COMPASS MAGAZINE > October 2015
 

MEET THE EXPERT

Gabmas al Ajillo (Garlic Shrimp)

Gabmas al Ajillo (Garlic Shrimp)

By James Kane
Translated by S. Ying

La Bodega La Bodega

Restaurant: La Bodega
La Bodega has been a long-time, popular spot for sampling authentic Spanish cuisine and wines in Taichung. With its cozy atmosphere and bright, colorful decor, you can easily imagine that you've stepped into a quaint local tapas bar somewhere in Spain. Its extensive tapas selection includes a range of vegetable, seafood and meat choices, and customers also come here to watch the regular sports broadcasts, or to just simply unwind after work, chat with friends and enjoy the friendly hospitality.

This month, chef/owner Lorenzo (Lolo) Rubio introduces Gambas al Ajillo (garlic shrimp) (NT$160), one of Spain's most popular tapas delicacies.
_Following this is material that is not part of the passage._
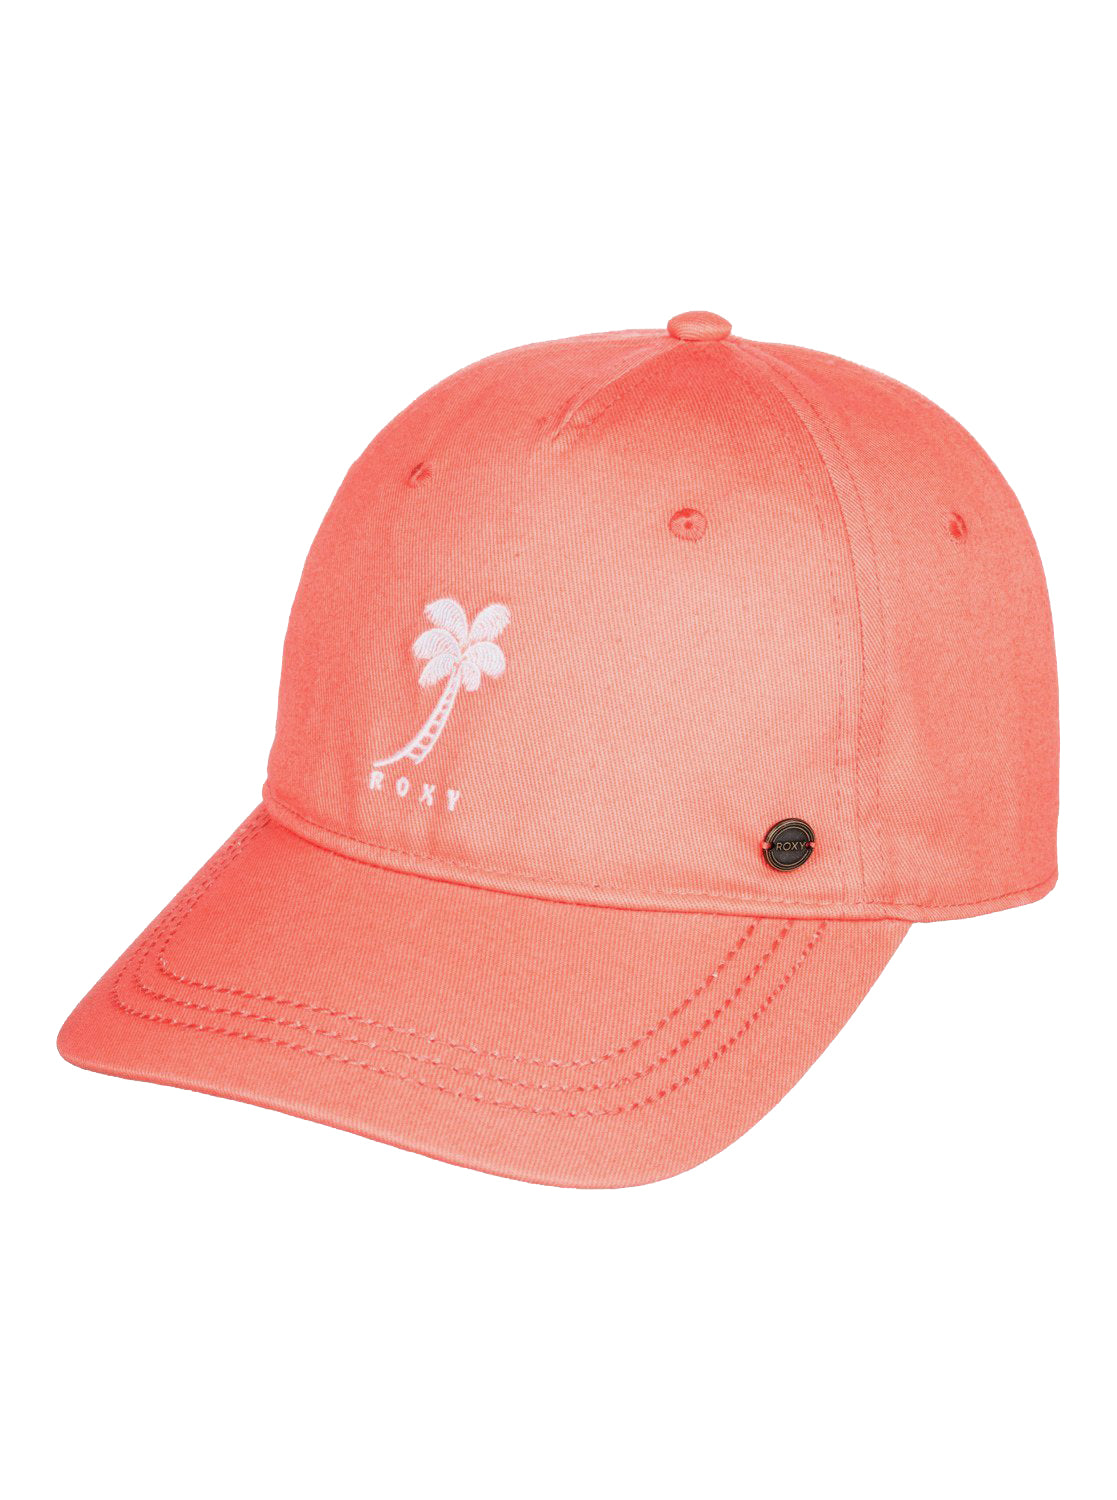 Roxy Next Level Color Hat MHF0 OS

Juicy, tender shrimp sauteed in olive oil and lots of garlic and parsley make this a perfect Spanish-style snack that is pretty cheap and incredibly simple to prepare and cook within 15 minutes. This dish is offered in Spain with the shells on or off so, if you prefer, peel the shrimp before cooking. It is important that you use good-quality olive oil, as this really affects the flavor, and bread is normally served alongside to mop up the savory oil. If you wish to serve this as a main entree, you can double the recipe.

Ingredients

Ingredients:
1/2 pound of peeled shrimp
6 cloves of garlic, finely minced
Handful of chopped fresh parsley
1/4 cup of extra virgin olive oil
Bread

Preparation:
1. In a saute pan or heavy frying pan, warm the olive oil at medium heat. Add the garlic and saute for about 1 minute or until it begins to brown.
2. Increase the heat to high and add the shrimp to the pan. Stir well, then saute until the shrimp is pink and cooked through, and the garlic is golden (about 3 minutes).
3. Add the chopped parsley and stir well, cooking for a further 2 minutes.
4. Finally, remove from heat and transfer the shrimp and oil to a bowl, and serve immediately with a good bread.